Justin Trudeau « protège les profits des grandes compagnies au lieu d’aider les familles. Si on veut quelqu’un qui veut vraiment lutter contre la crise climatique, annuler les subventions pétrolières et faire face aux inégalités sociales », alors c’est le NPD qu’il faut élire, assure-t-il.

Son parti, plus à gauche que les Libéraux, pourrait se retrouver en position de force à la chambre des Communes en cas de gouvernement minoritaire dirigé par Justin Trudeau, M. Singh ayant exclu de soutenir les conservateurs.

Poutine pendjabi

Alexandra, une traductrice de 32 ans, a déjà voté pour le NPD par anticipation. Fan de M. Singh, elle a du mal à cacher son émotion après l’avoir rencontré. « Je sais que je suis Blanche, par contre je suis bisexuelle donc je sais ce que c’est d’être minorisée quand même. Alors pour moi, (de voir) quelqu’un qui vient d’un groupe minorisé accéder à un poste de pouvoir, c’est très important », explique-t-elle.

Mais tout le monde ne voit pas l’émergence de M. Singh sur la scène nationale d’un aussi bon oeil, et il a essuyé nombre de remarques désobligeantes, voire racistes. Récemment, à Montréal, un homme s’est penché vers lui pour lui dire à l’oreille, devant les caméras, qu’il devrait enlever son turban « pour avoir l’air Canadien ».

Et il y a deux ans, lors d’une réunion, il a été violemment pris à partie par une femme persuadée qu’il était « de mèche avec les Frères musulmans » et qu’il cherchait à appliquer la charia, bien qu’il ne soit pas musulman.

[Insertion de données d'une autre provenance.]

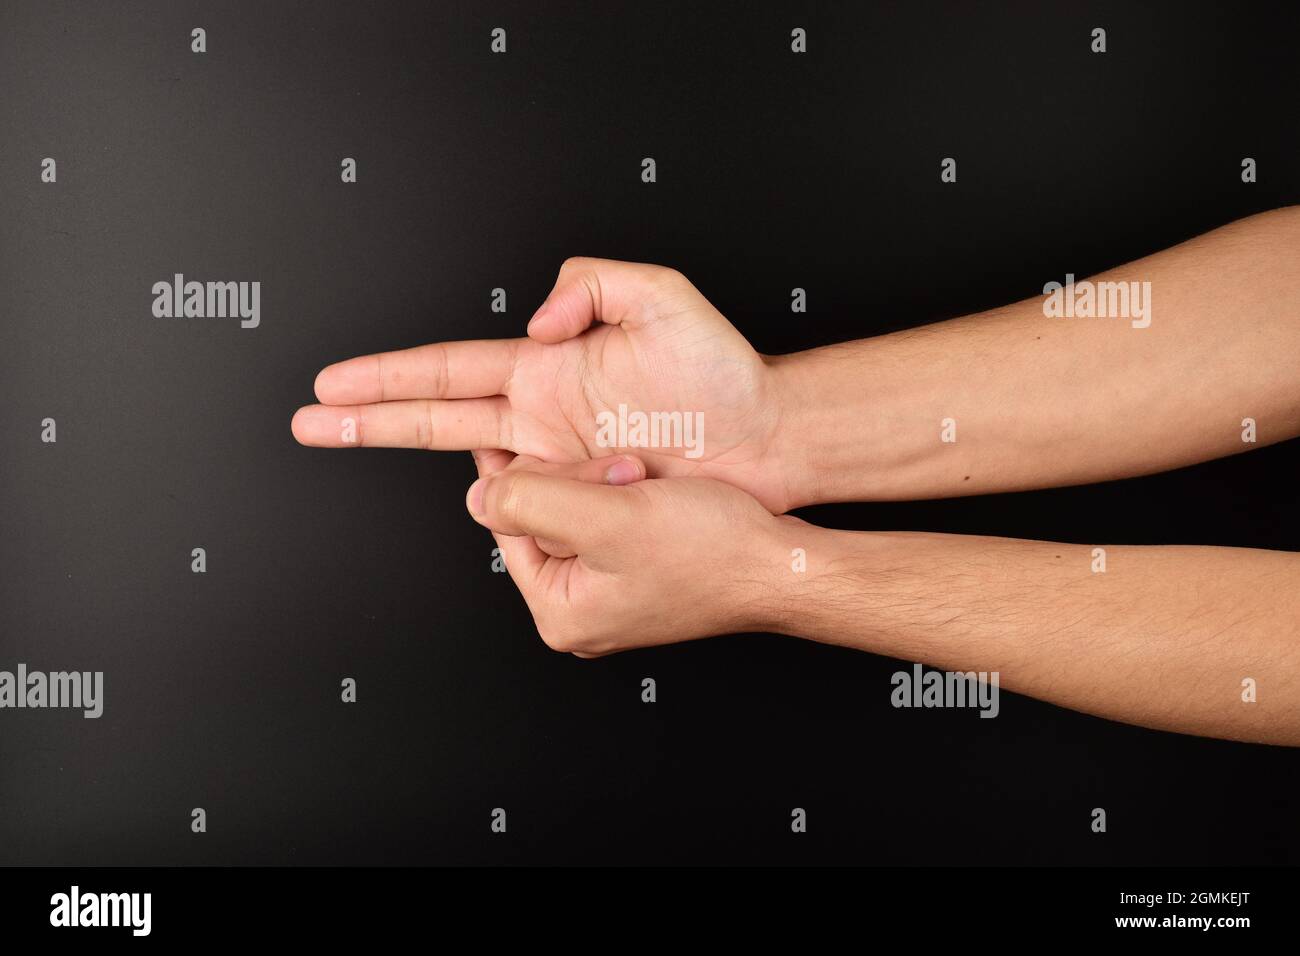 man making gun gesture on dark background Stock Photo

Pour rassurer, il répète régulièrement que même s’il « porte un turban », il partage « les mêmes valeurs » que la plupart des Canadiens. « Je suis pour l’avortement, pour les droits des femmes, pour le mariage » homosexuel, affirme-t-il.

Et pour tenter de séduire les précieux électeurs francophones du Québec, celui qui est marié à une créatrice de mode explique, en français, être « tombé en amour avec la langue française » quand il avait 11 ou 12 ans, alors qu’il vivait dans une ville anglophone.

Une question gêne toutefois certains de ses soutiens. Le Québec a adopté en juin une loi controversée sur la laïcité, interdisant les signes religieux à certains fonctionnaires. M. Singh, qui en porte un lui-même, a dit juger cette législation « blessante » mais a affirmé qu’il ne la contesterait pas s’il arrivait au pouvoir, suscitant l’incompréhension.

Mais signe de la « fusion » des identités qu’il veut promouvoir, M. Singh s’est mis en scène en cuisine afin de préparer « quelque chose de spécial » pour le Thanksgiving canadien lundi dernier. Il a donc « mélangé la culture » de sa famille « avec la culture québécoise » et a mitonné une poutine, plat typiquement québécois, « unique ». Une « poutine pendjabi ».